> What you have to do: Return the full listing word for word, but drop every picture from it.

> Data segment:
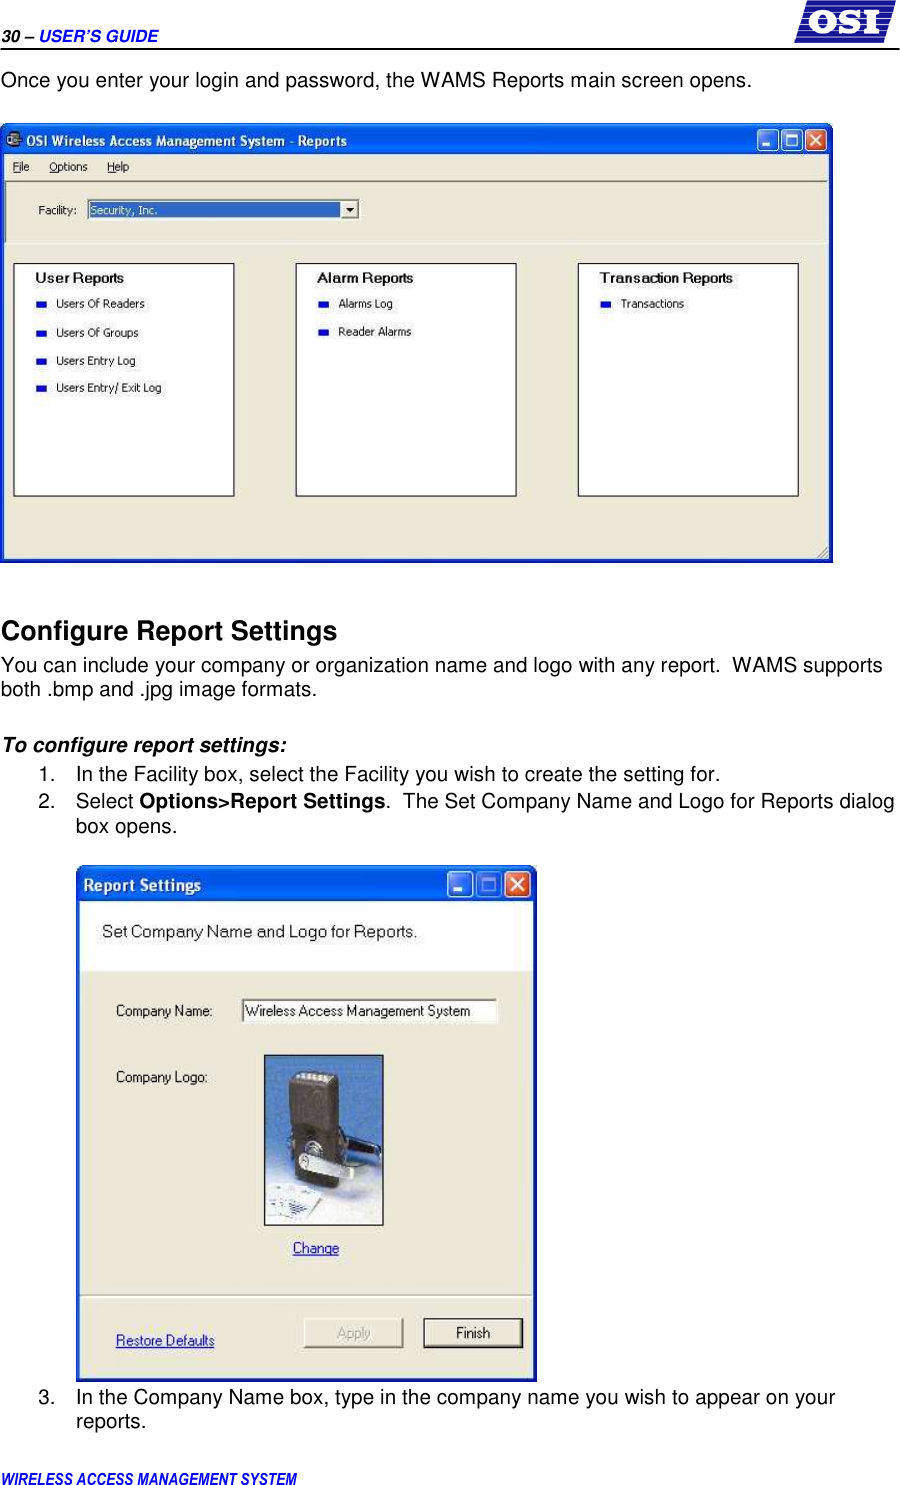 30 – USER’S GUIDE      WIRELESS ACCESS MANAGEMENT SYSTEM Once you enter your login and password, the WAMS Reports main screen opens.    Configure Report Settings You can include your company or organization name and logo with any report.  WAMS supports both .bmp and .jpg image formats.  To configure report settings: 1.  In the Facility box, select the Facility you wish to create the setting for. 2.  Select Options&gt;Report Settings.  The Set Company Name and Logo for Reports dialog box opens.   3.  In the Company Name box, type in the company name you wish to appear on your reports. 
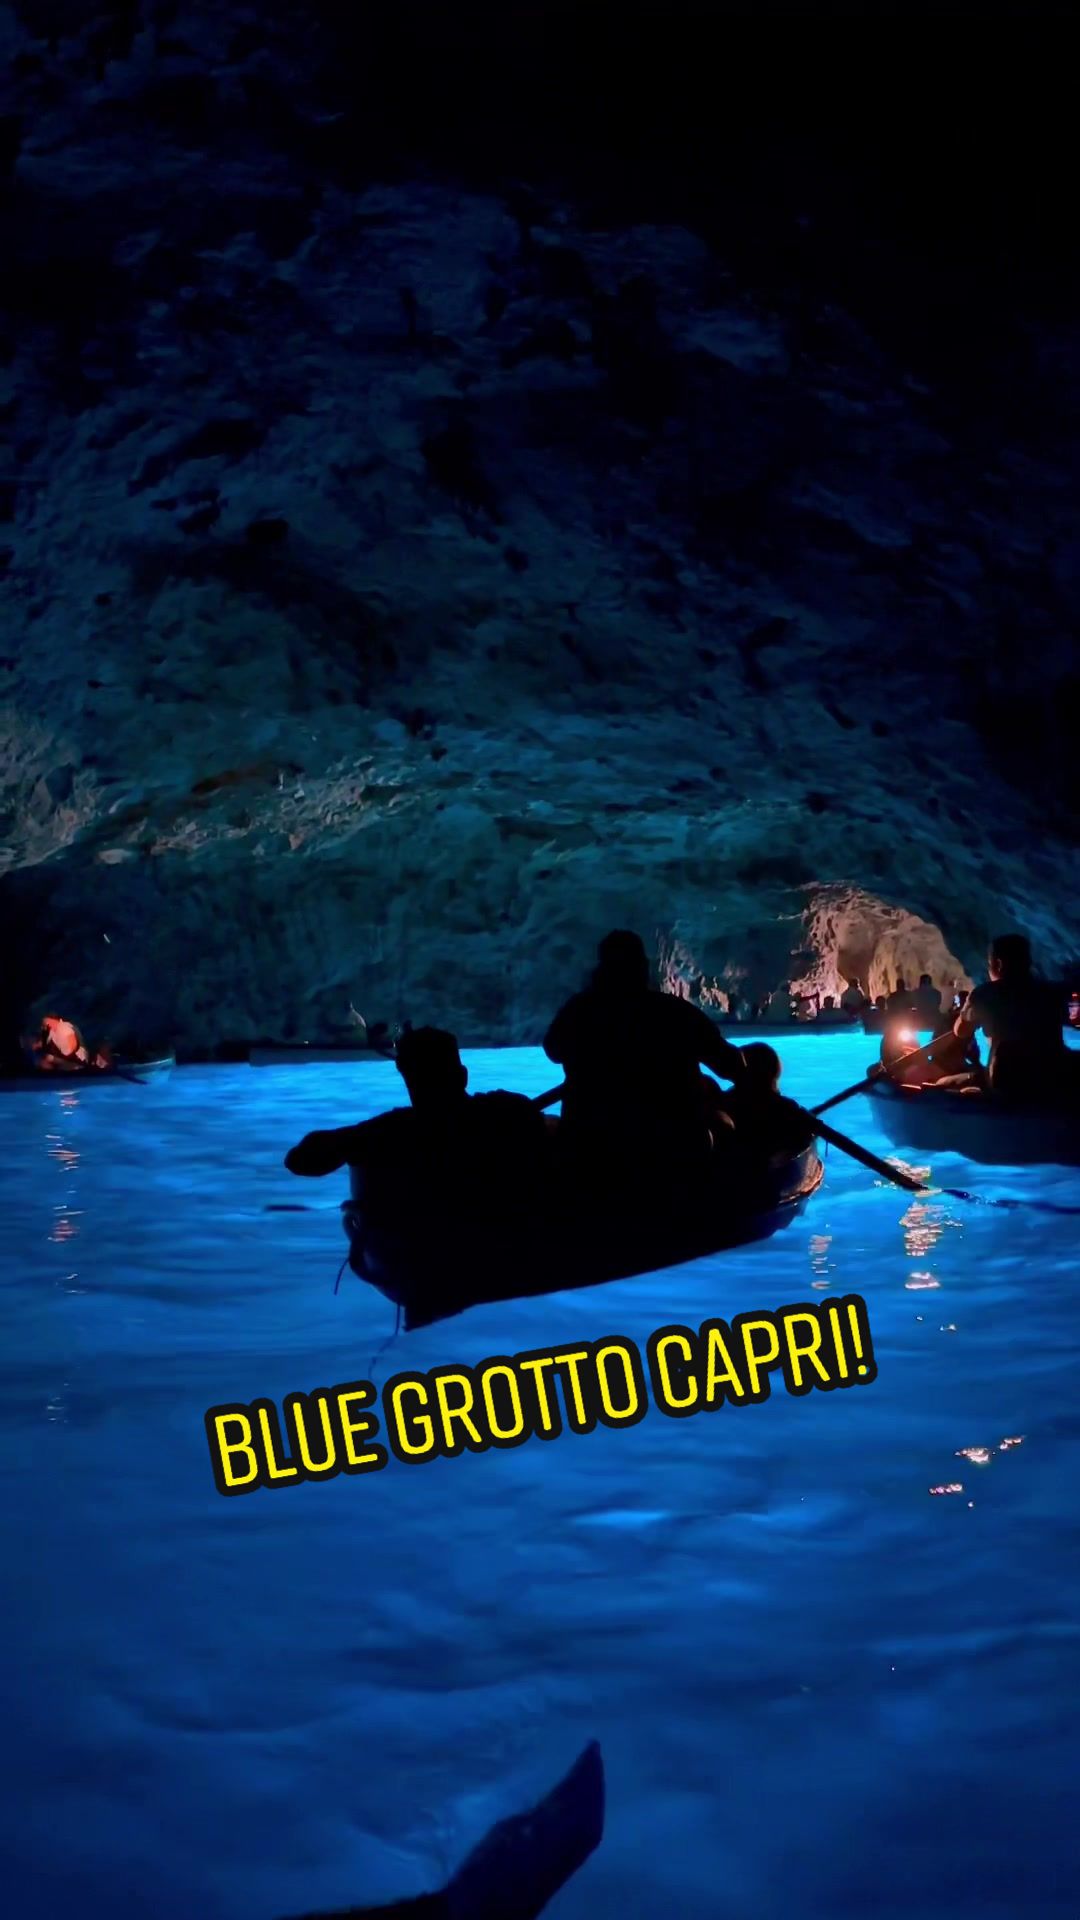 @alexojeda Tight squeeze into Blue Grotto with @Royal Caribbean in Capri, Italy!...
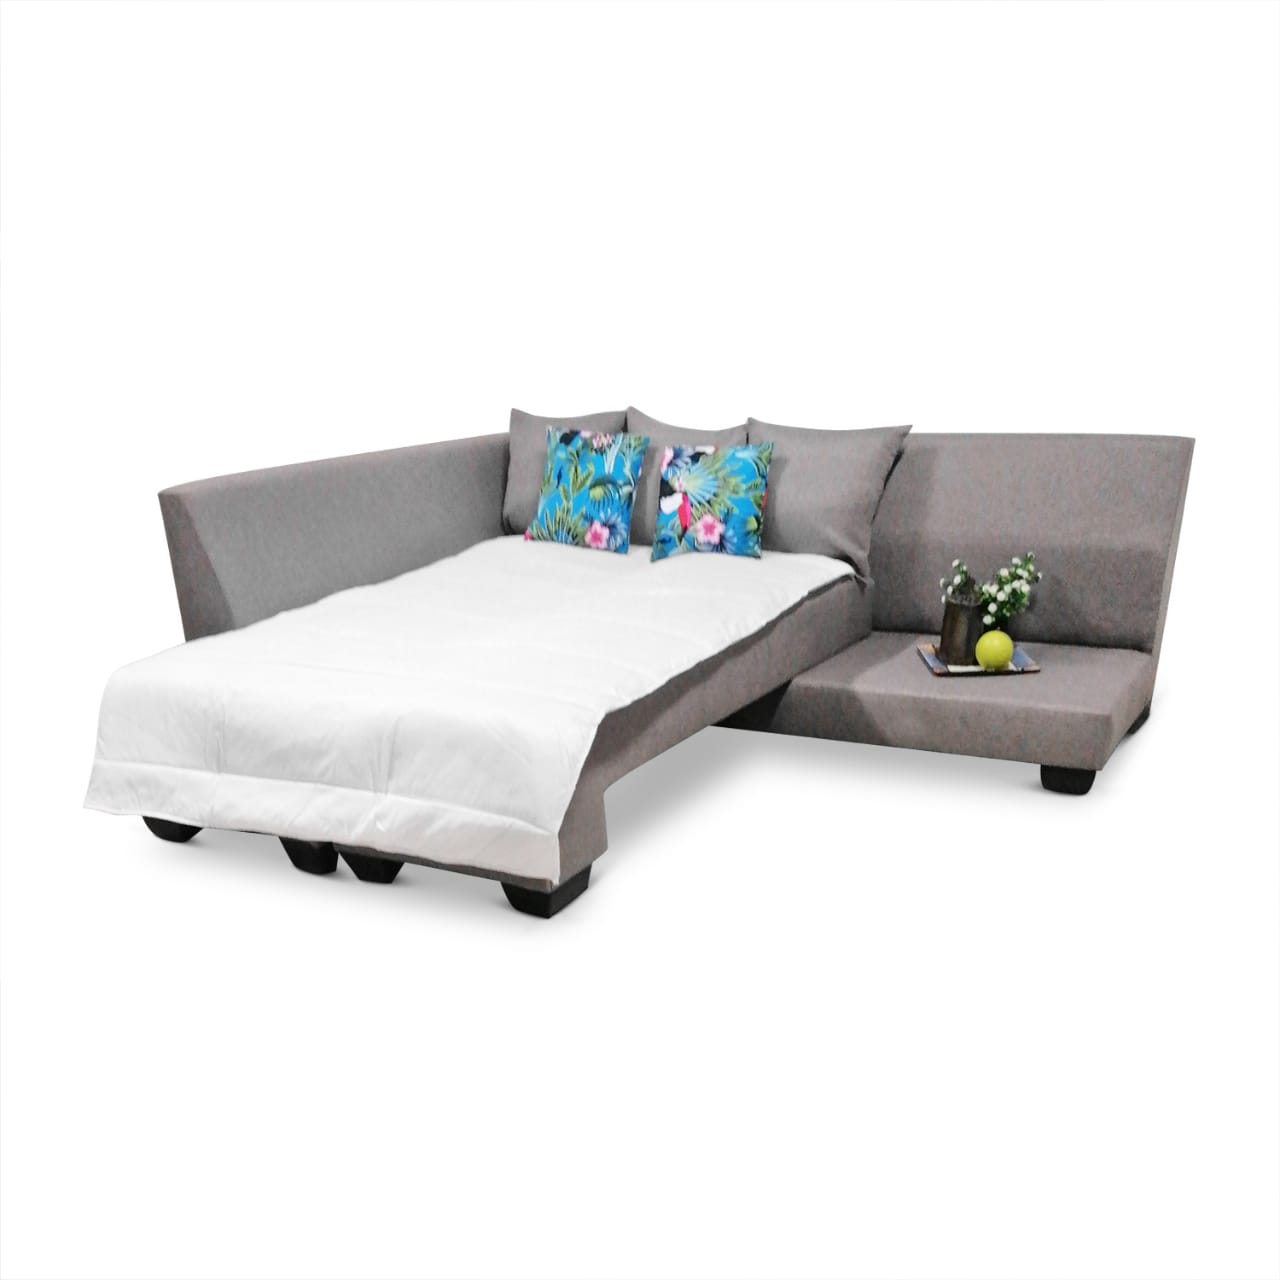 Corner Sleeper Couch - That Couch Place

> Exercise answer:
 30 – USER’S GUIDE      WIRELESS ACCESS MANAGEMENT SYSTEM Once you enter your login and password, the WAMS Reports main screen opens.    Configure Report Settings You can include your company or organization name and logo with any report.  WAMS supports both .bmp and .jpg image formats.  To configure report settings: 1.  In the Facility box, select the Facility you wish to create the setting for. 2.  Select Options&gt;Report Settings.  The Set Company Name and Logo for Reports dialog box opens.   3.  In the Company Name box, type in the company name you wish to appear on your reports. 
 @alexojeda Tight squeeze into Blue Grotto with @Royal Caribbean in Capri, Italy!...
 Corner Sleeper Couch - That Couch Place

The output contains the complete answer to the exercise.